*** Data for processing Section Begins ***
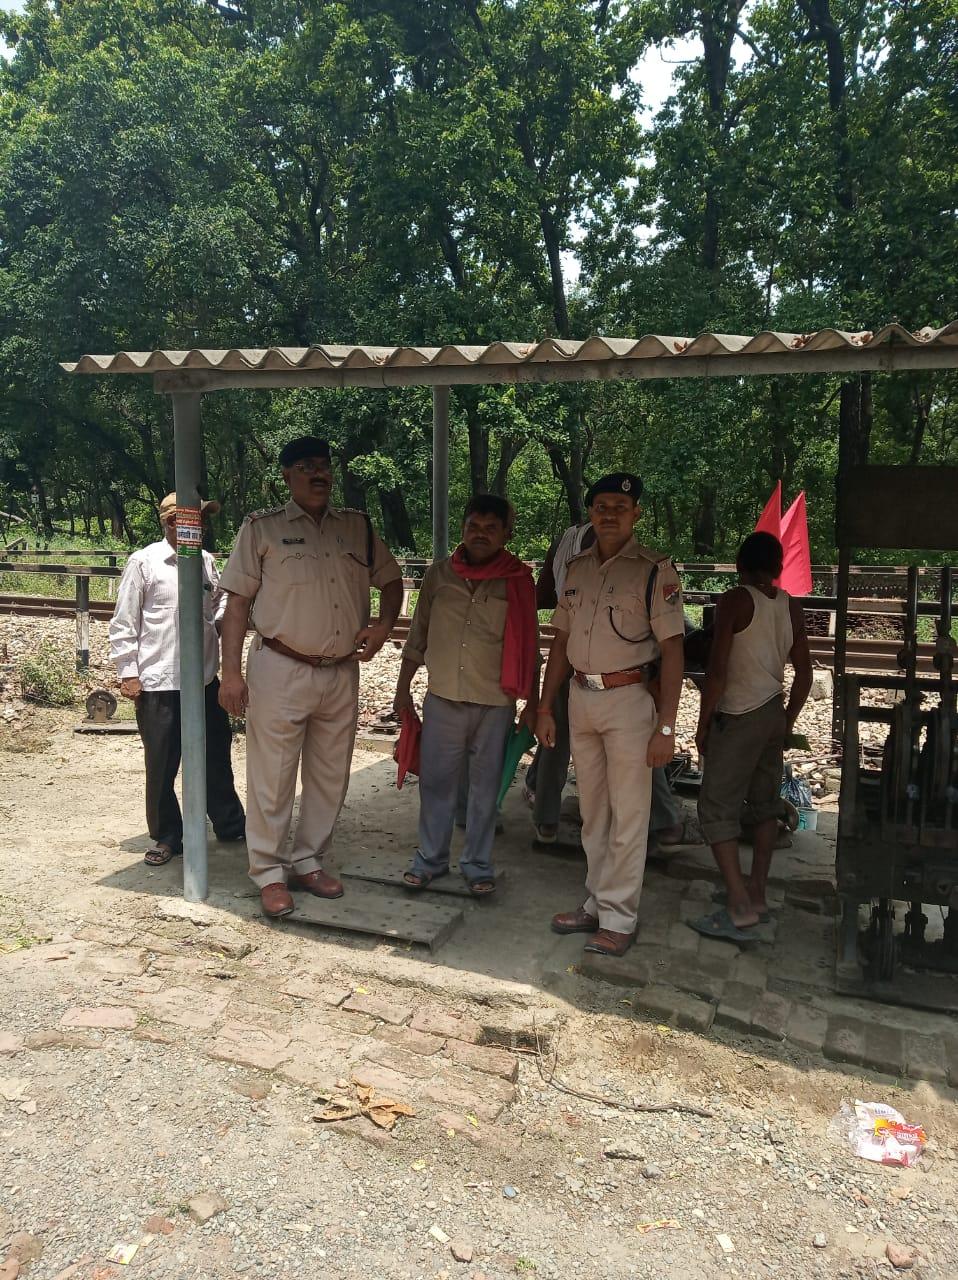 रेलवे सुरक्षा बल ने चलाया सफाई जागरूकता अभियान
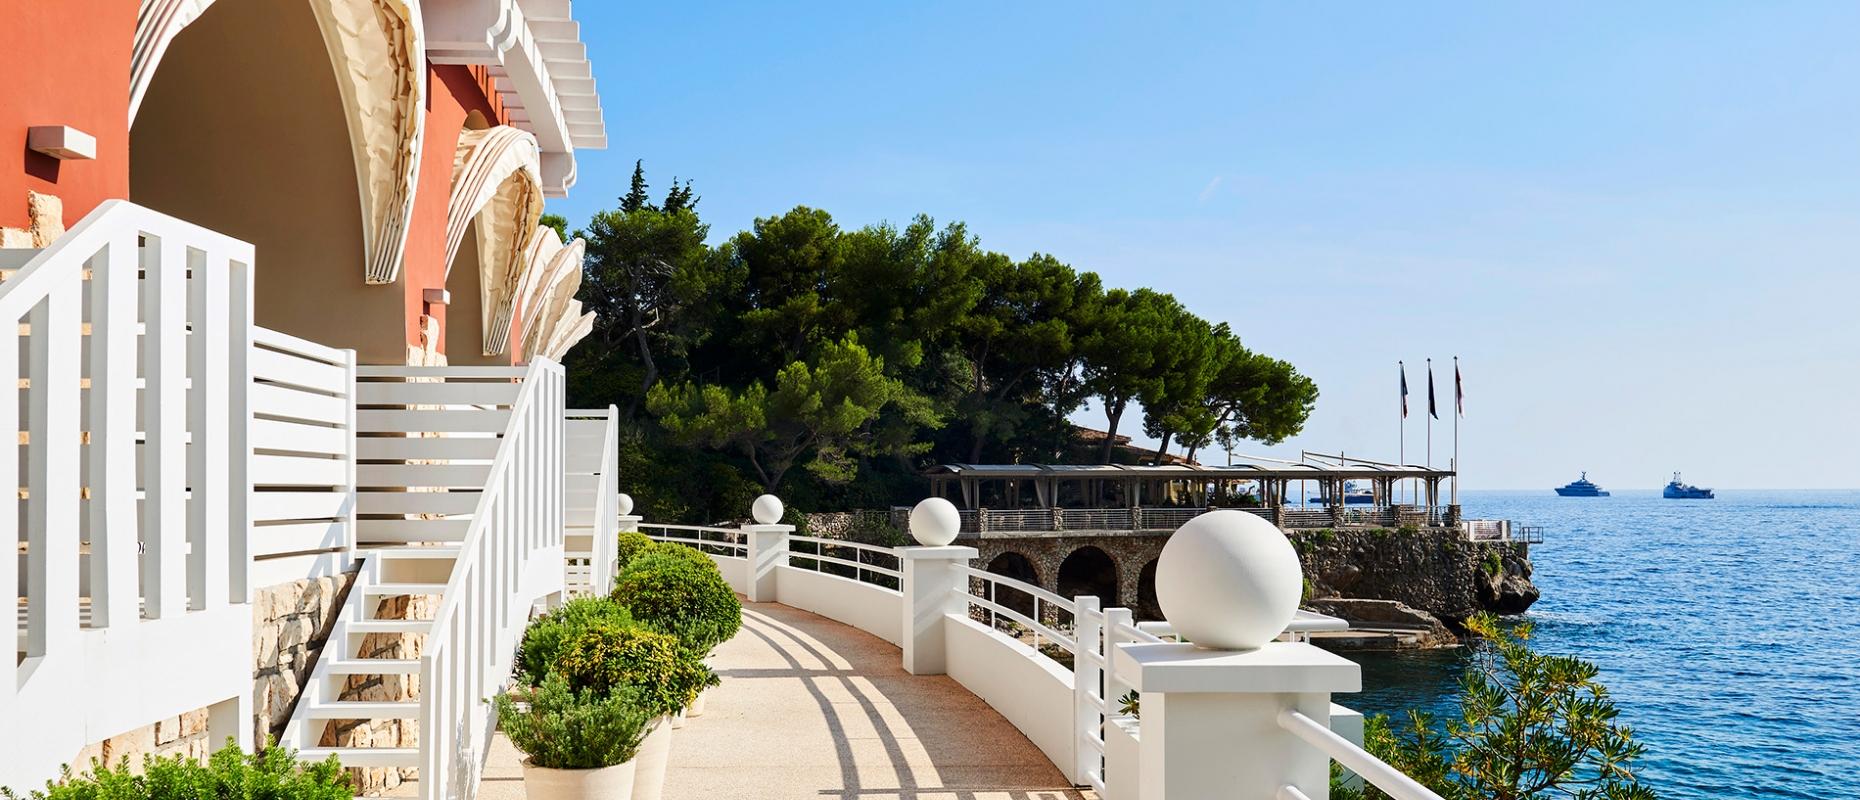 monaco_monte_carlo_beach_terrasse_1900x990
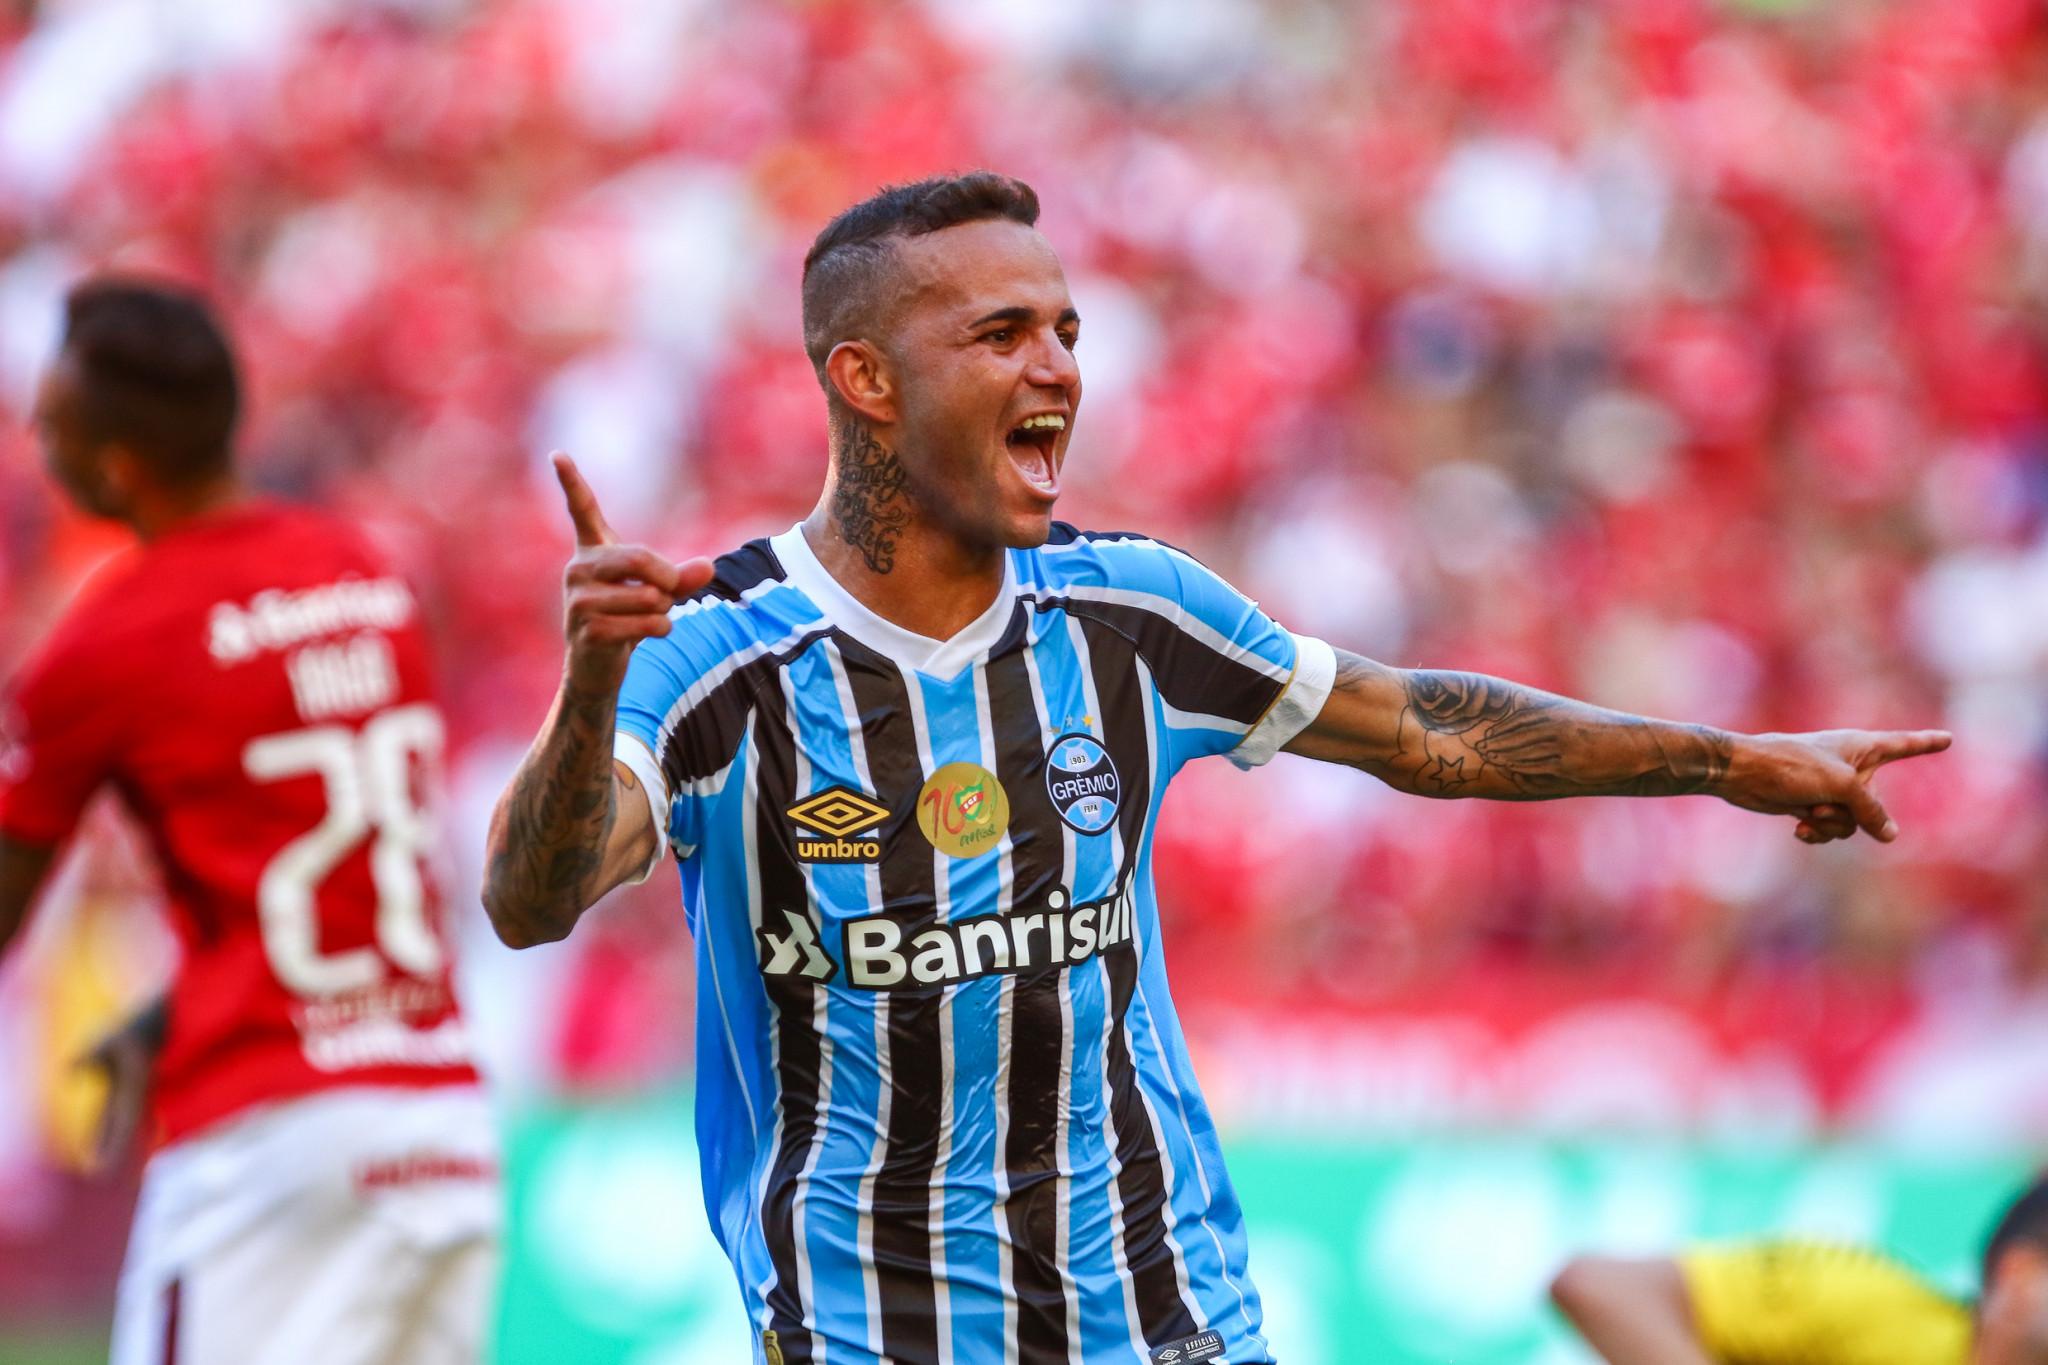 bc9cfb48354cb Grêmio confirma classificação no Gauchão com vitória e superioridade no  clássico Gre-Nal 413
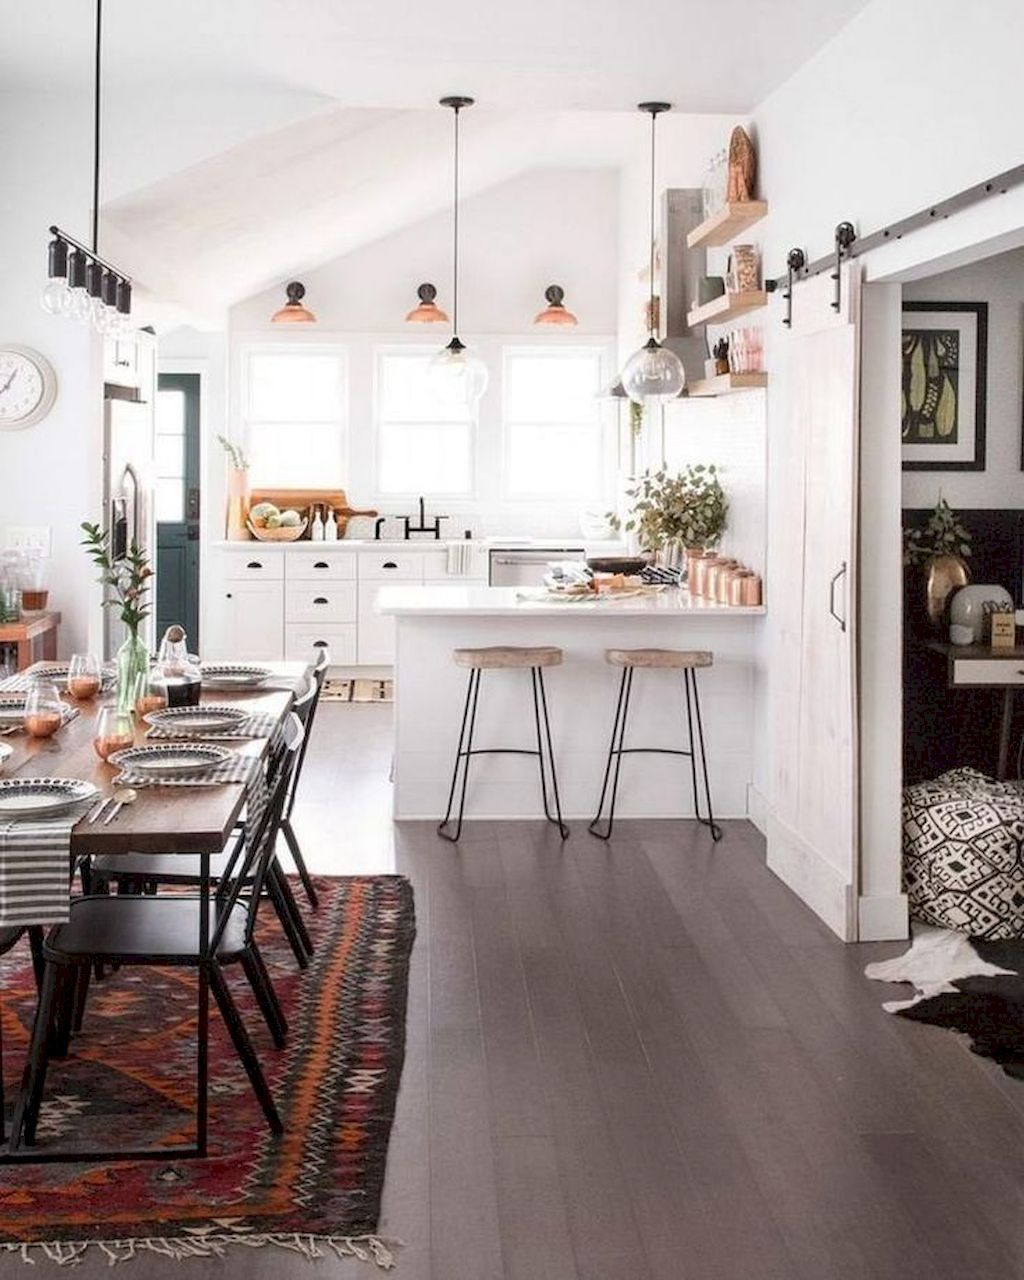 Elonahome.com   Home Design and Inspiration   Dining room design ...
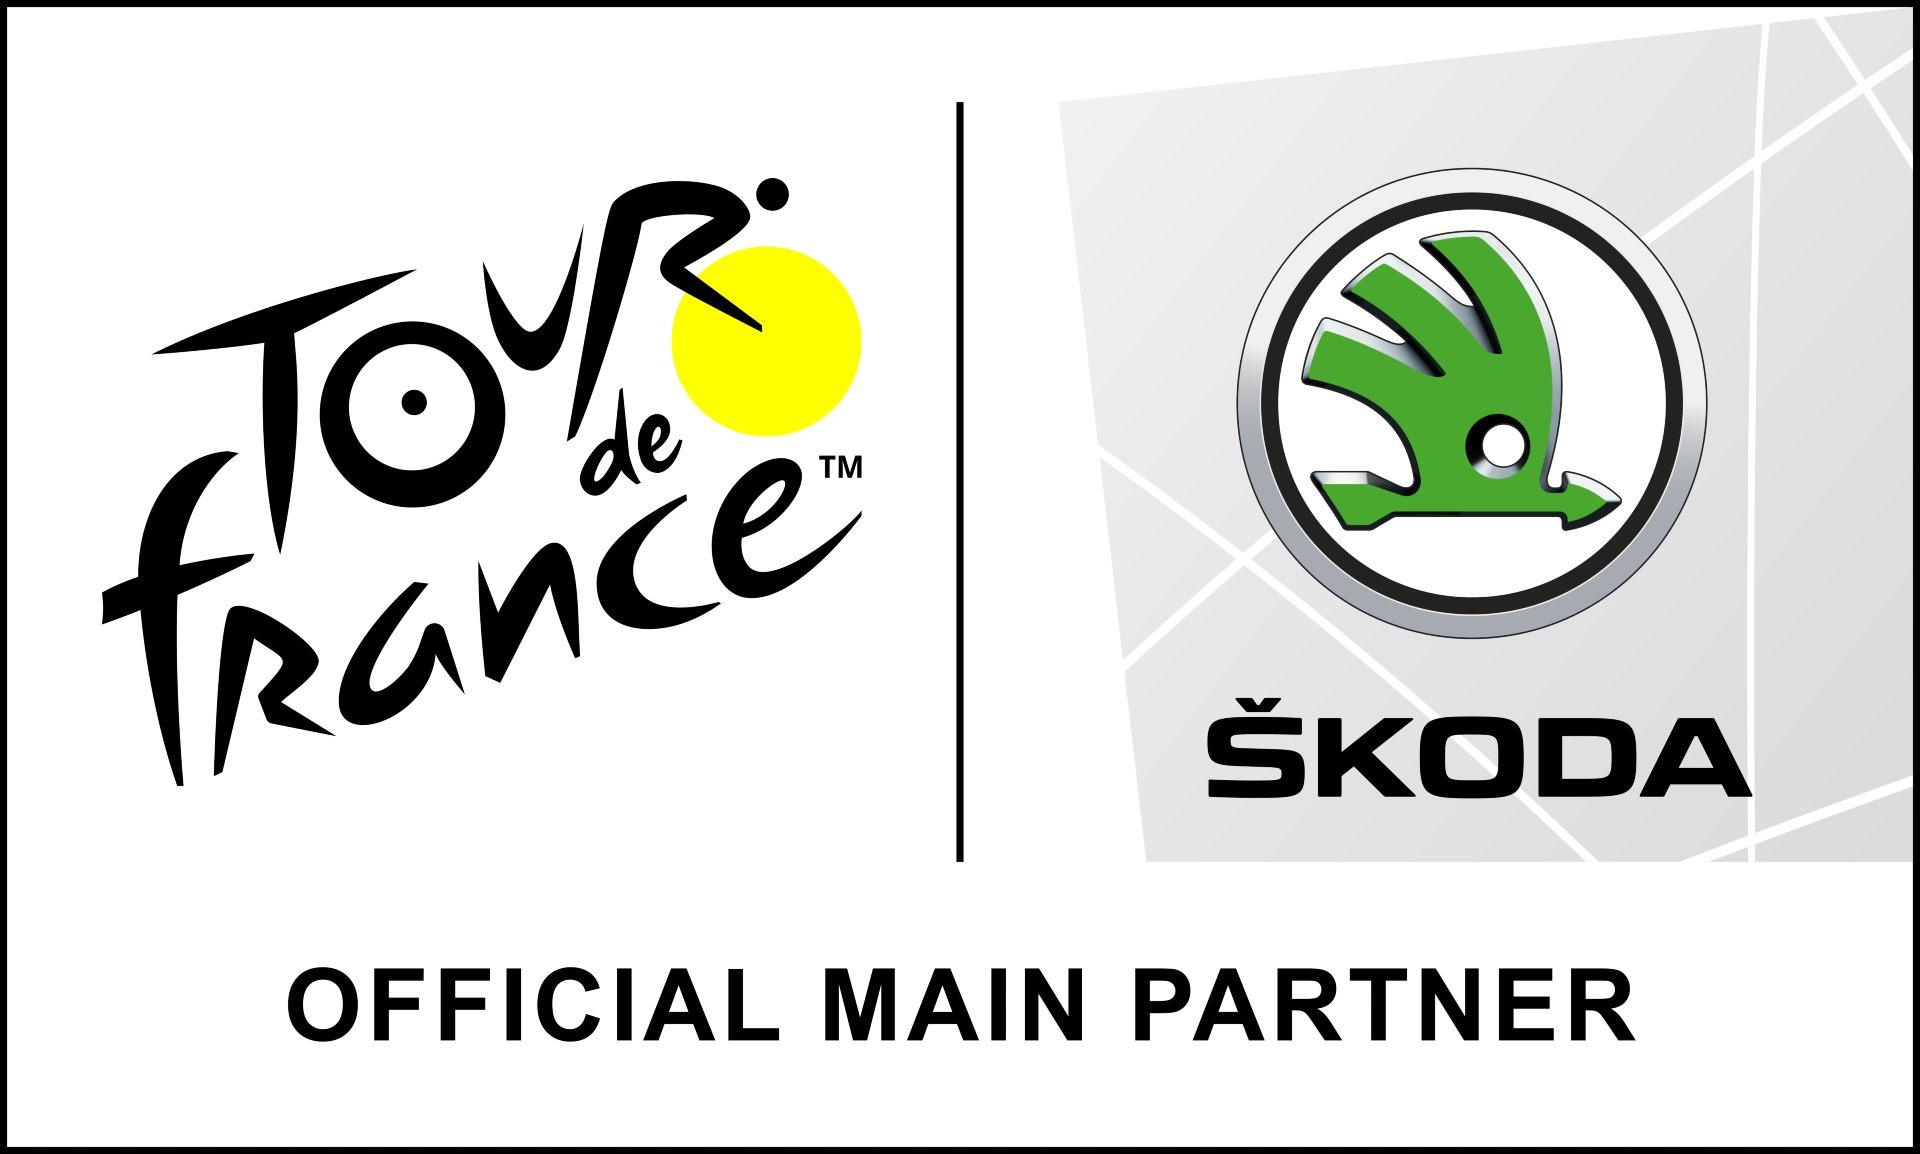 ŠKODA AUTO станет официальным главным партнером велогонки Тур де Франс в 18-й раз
*** Data for processing Section Ends ***
## Task objective
From the line with "monaco_monte_carlo_beach_terrasse_1900x990" to the last line of the material, both inclusive, set down every line exactly and nothing else; omit pictures.

## Response to this task
 monaco_monte_carlo_beach_terrasse_1900x990
 bc9cfb48354cb Grêmio confirma classificação no Gauchão com vitória e superioridade no  clássico Gre-Nal 413
 Elonahome.com   Home Design and Inspiration   Dining room design ...
 ŠKODA AUTO станет официальным главным партнером велогонки Тур де Франс в 18-й раз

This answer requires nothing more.